Provided material: Begin

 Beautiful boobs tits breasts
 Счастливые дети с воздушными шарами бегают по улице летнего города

Provided material: End
Provided material: Begin

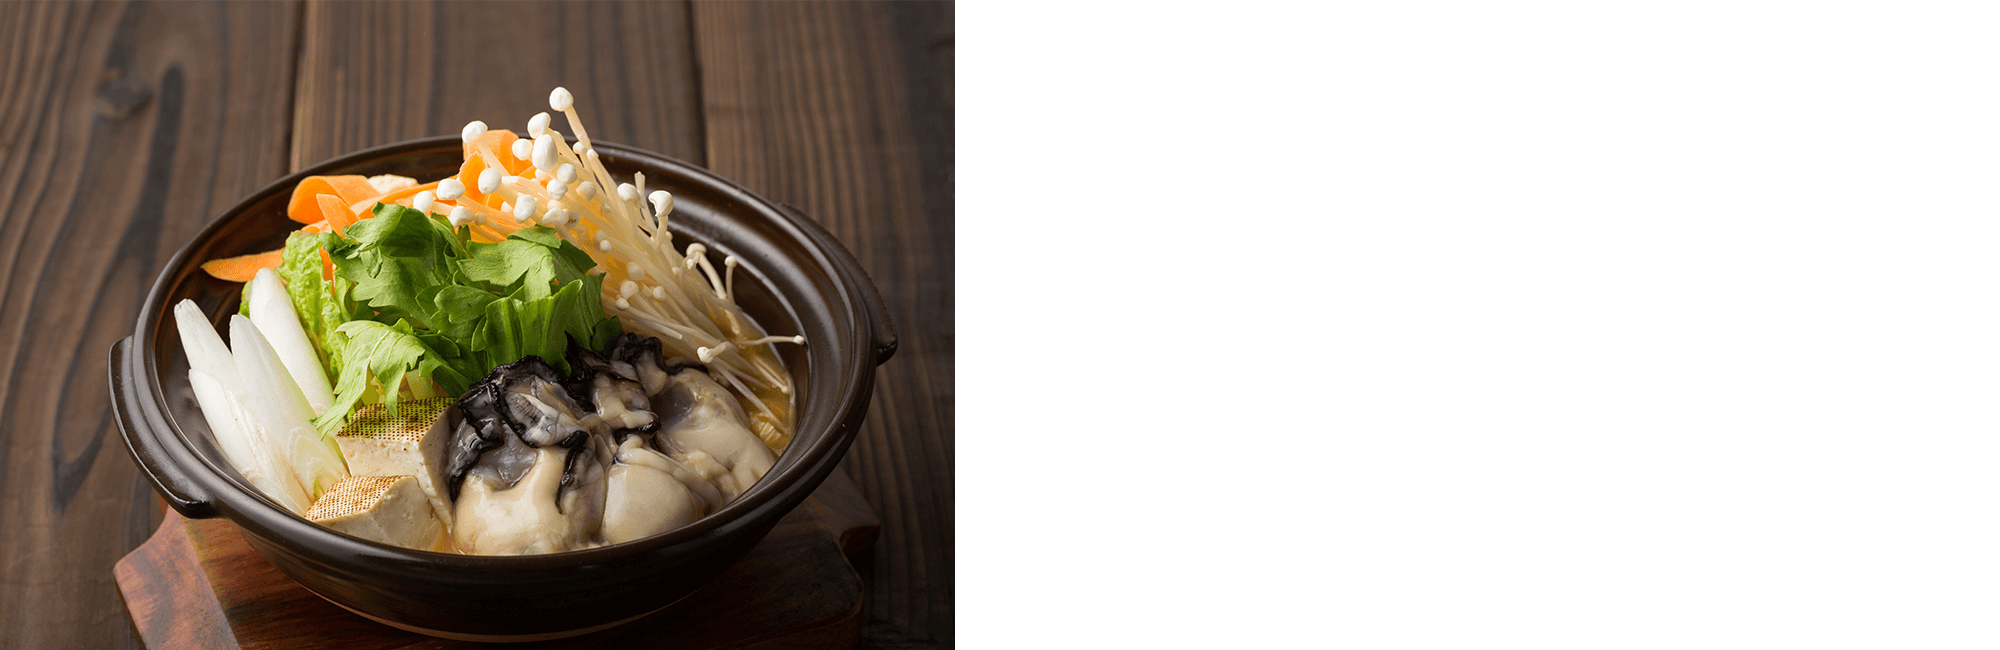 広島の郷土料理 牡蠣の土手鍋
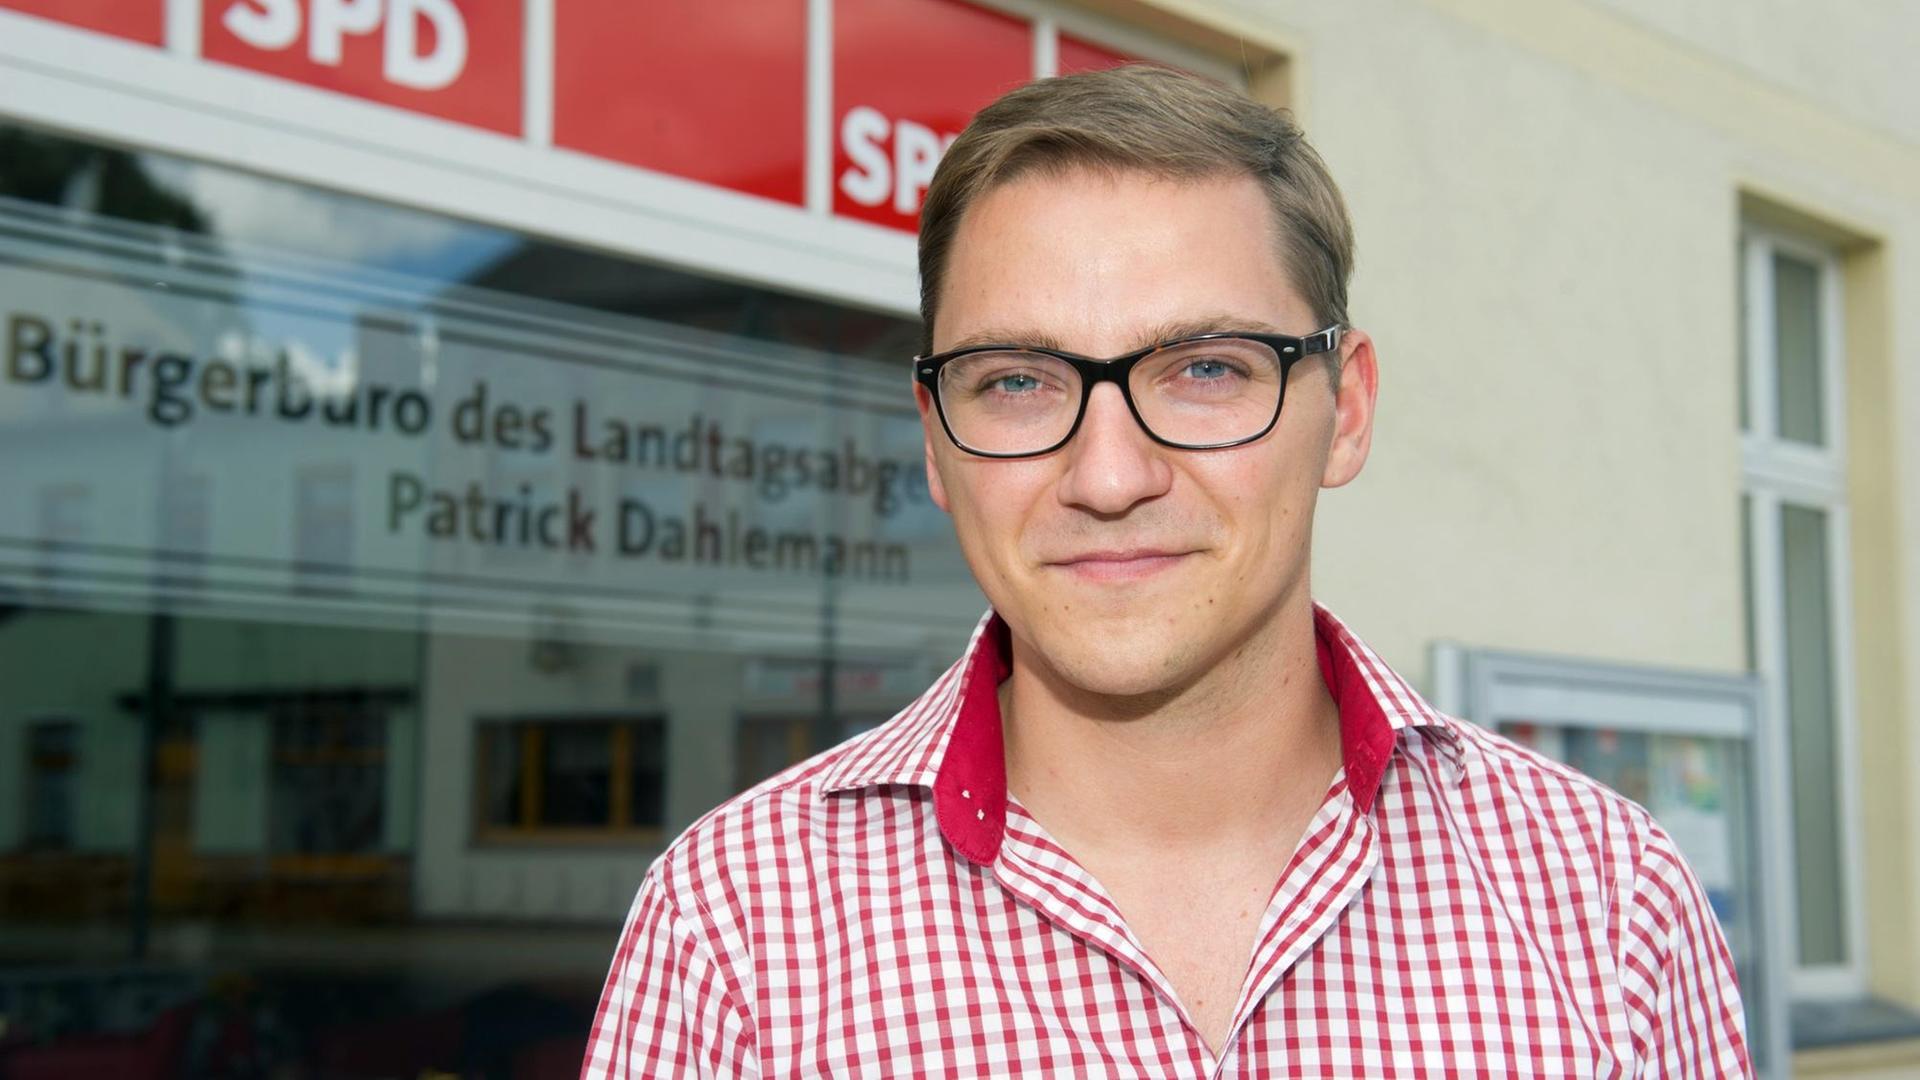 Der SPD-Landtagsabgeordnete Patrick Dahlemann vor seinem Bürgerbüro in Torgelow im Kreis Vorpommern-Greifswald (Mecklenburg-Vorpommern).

Provided material: End

» Activity
Please reproduce exactly the lines in the listing above from the one containing "Beautiful boobs tits breasts" through the one containing "Счастливые дети с", both included, and nothing more.

» Answer to this task
 Beautiful boobs tits breasts
 Счастливые дети с воздушными шарами бегают по улице летнего города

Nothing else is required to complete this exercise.